13.3.2. Controllability of Wheeled Mobile Robots (Part 1 of 4)

This video introduces the concept of linear controllability for a control system. The canonical nonholonomic wheeled mobile robot does not satisfy linear controllability, which motivates concepts in nonlinear controllability in the next video.

Controllability refers to the ability to drive a system from one state to another. For a kinematic model of a wheeled mobile robot, the state is just the configuration q of the chassis, with components phi, x, y.

Consider an omnidirectional wheeled mobile robot with a goal configuration q_goal. A simple controller to drive the robot to the goal configuration is the proportional controller q-dot equals K times (q_goal minus q), where the feedback gain matrix K acts like a spring to pull q to q_goal. We could choose K to be the identity matrix, but as long as it's positive definite, the configuration error will decay to zero, as seen in this animation.

We might as well choose the goal configuration as the origin, so this controller simplifies to q-dot equals minus K times q.

This controller only works because the chassis velocity q-dot and the controlled wheel speeds u satisfy u equals H of phi times q-dot, where H is rank 3 as we learned in an earlier video. This means that any q-dot can be achieved by some choice of wheel speeds u. Therefore we can write the controller as q-dot equals minus K times q equals the pseudoinverse of H of phi times u, which we express more simply as q-dot equals nu.

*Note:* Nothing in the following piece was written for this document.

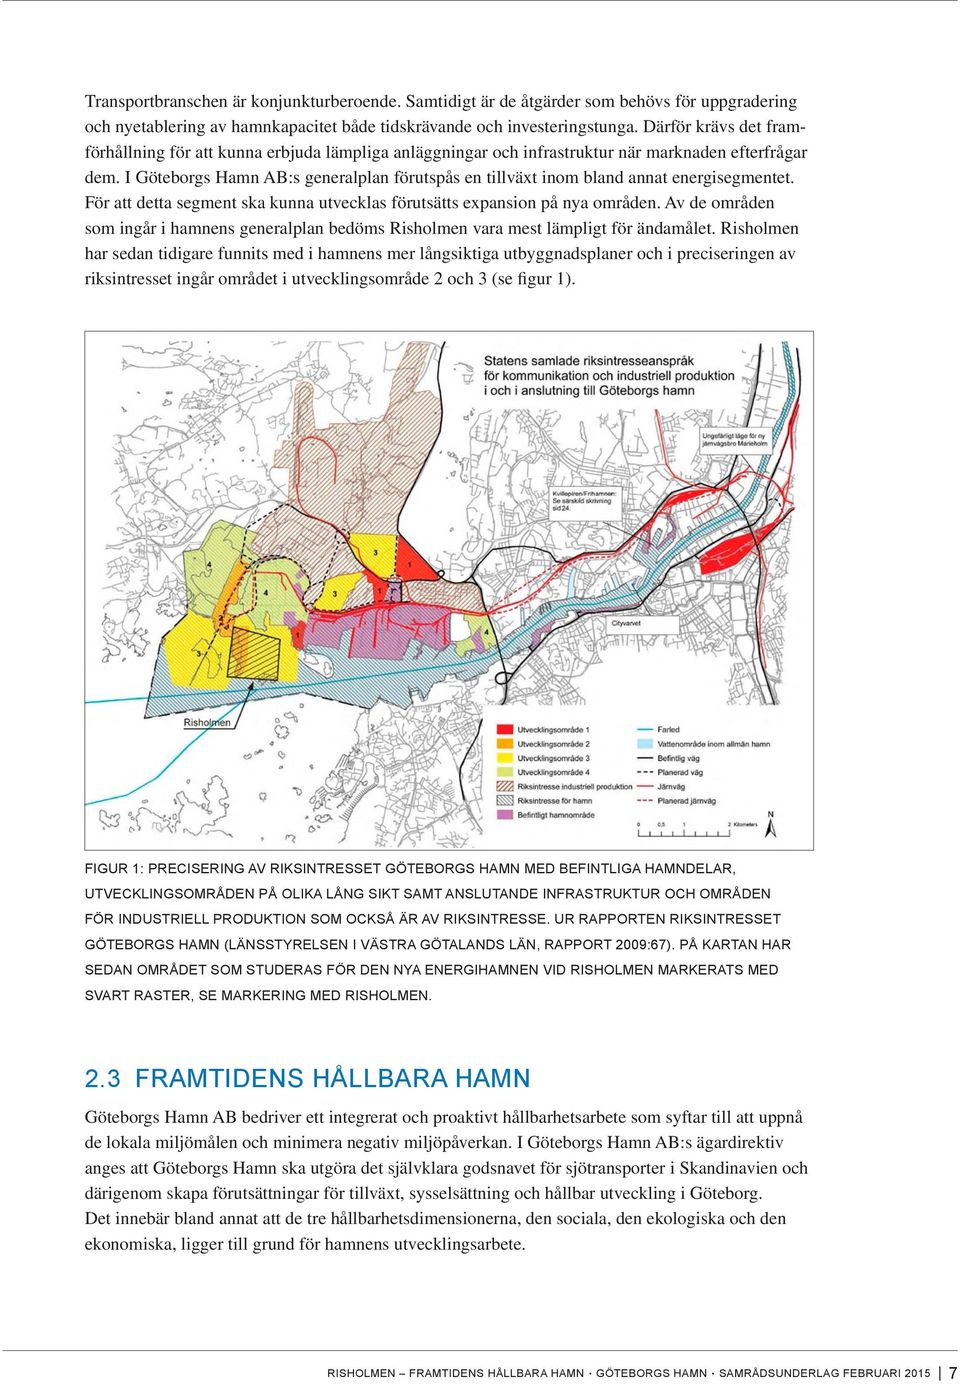 I Göteborgs Hamn AB:s generalplan förutspås en tillväxt inom bland annat energisegmentet. För att detta segment ska kunna utvecklas förutsätts expansion på nya områden.

This is a simple example of a more general class of linear control systems x-dot equals A x plus B nu, where x is n-dimensional, nu is m-dimensional, A is n-by-n, and B is n-by-m. Systems such as this are said to be linearly controllable if they satisfy the Kalman rank condition: the rank of the matrix whose columns are given by the matrices B, AB, A-squared B, etc., is equal to n, the dimension of x. This condition ensures that the m controls can act on all n states.

If a system is linearly controllable, it's possible to drive it between arbitrary states. To stabilize the origin, we can choose the feedback controller nu equals minus K times x, resulting in the dynamics x-dot equals A minus B K times x. For stability, we need to choose K so that the eigenvalues of A minus B K all have negative real components.

Since we can write our omnidirectional mobile robot control system as q-dot equals nu, it's a simple example of a linear control system with A equal to zero and B the identity matrix. The identity matrix trivially satisfies the Kalman rank condition.

The canonical nonholonomic mobile robot is not a linear control system, because the matrix G depends on the configuration q. We might still wonder if there is a simple control law that can stabilize a desired chassis configuration q_goal. Without proving it, I'll state a famous negative result:

The system q-dot equals G of q times u, where the rank of G of zero is less than the dimension of q, cannot be stabilized to the origin by a continuous time-invariant feedback control law. For the canonical nonholonomic mobile robot, the rank of G is always 2, which is less than 3, the dimension of q.

So, not only is there no control law that is linear in q that can stabilize a desired configuration, there isn't even a stabilizing control law that's continuous in q. The nonholonomic mobile robot is not linearly controllable, but in the next video, I'll define weaker notions of controllability, taken from nonlinear control theory, that apply to nonholonomic mobile robots.